Large B-cell lymphoma (LBCL) patients who have experienced disease progression following CD19-directed CAR T-cell therapy now have a new potential treatment option. A recent phase I trial, published in The Lancet, explored the efficacy of CD22-directed CAR T-cell therapy (CAR22) for these challenging cases.
The study, conducted at Stanford University, involved 40 patients between October 2019 and October 2022. All participants underwent leukapheresis, with CAR22 successfully manufactured and administered to 38 patients. These patients had either progressed after CD19-directed therapy or had CD19-negative disease.
Patients received lymphodepleting therapy followed by one of two dose levels of CD22 CAR T-cells. The maximum tolerated dose and the recommended phase II dose was identified as 1 × 10⁶ CAR-positive cells/kg. This dose was well-tolerated, with no severe dose-limiting toxicities. In contrast, a higher dose level showed some adverse effects, including reversible cardiac and liver issues.

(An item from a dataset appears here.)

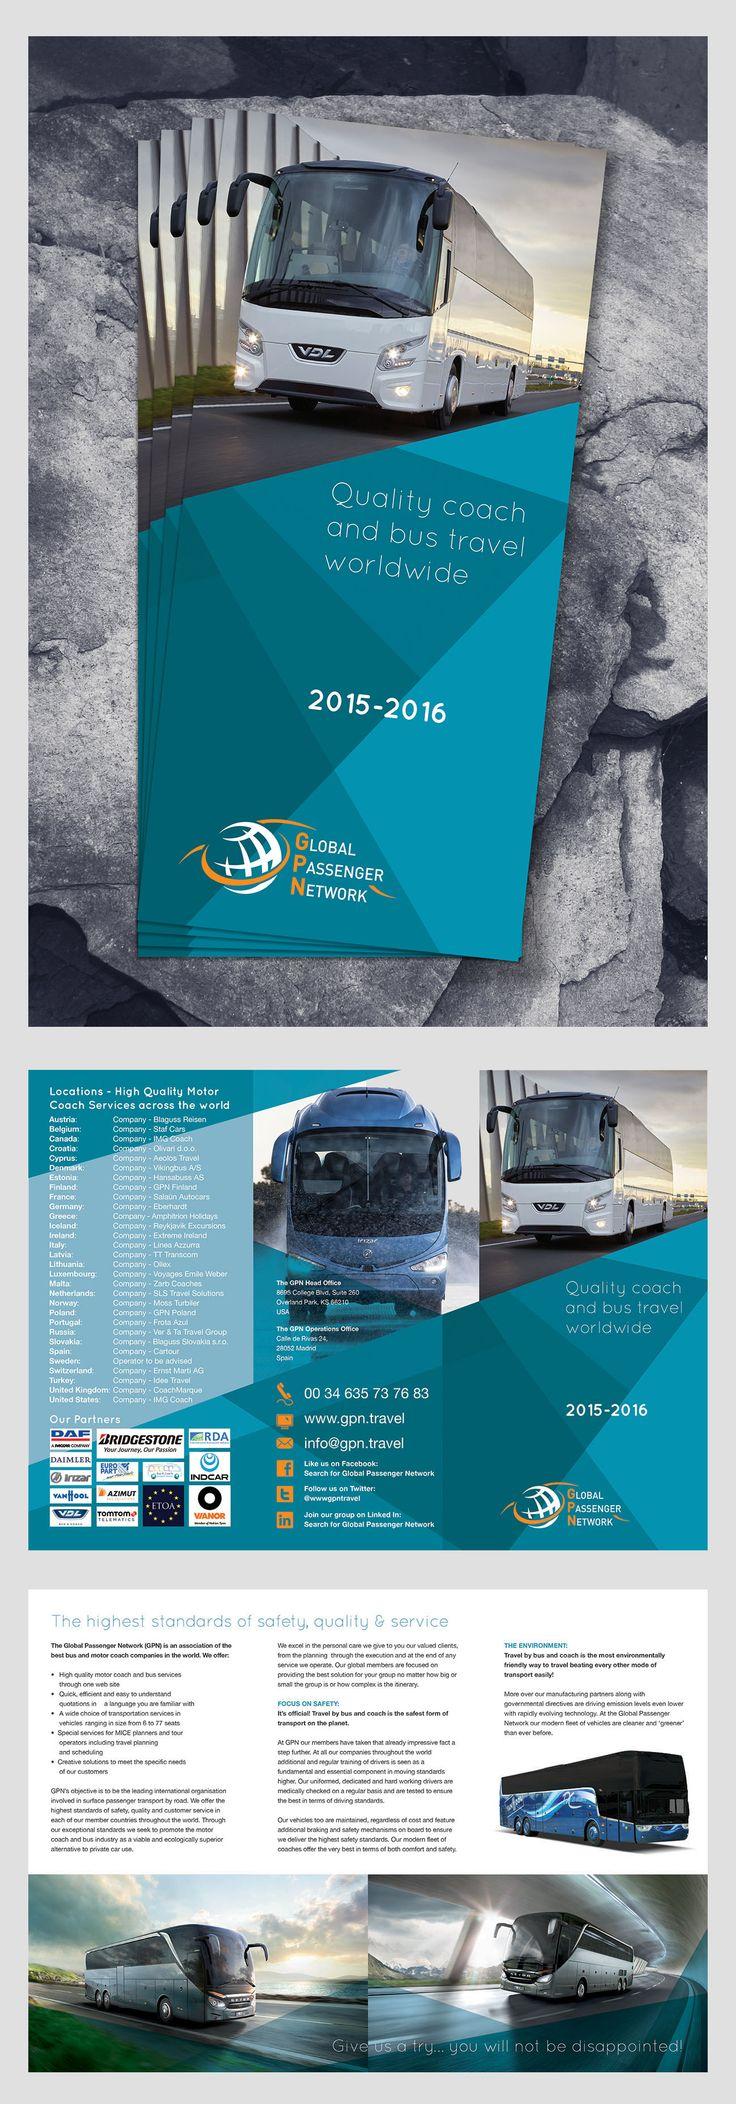 Global Passenger Network, 6pp, 1/3 A4 Leaflet

The results were promising: 88% of the 38 patients showed an objective response, with 53% achieving a complete response. The median response duration was 27.8 months. Among those receiving the recommended dose, 66% responded, and 52% achieved complete remission.
These findings highlight CD22 as a viable immunotherapeutic target for LBCL and demonstrate the potential of CAR22 therapy for patients whose disease has progressed after previous CAR T-cell treatments. Further research is needed to confirm long-term efficacy and identify which patient groups will benefit most from this innovative approach.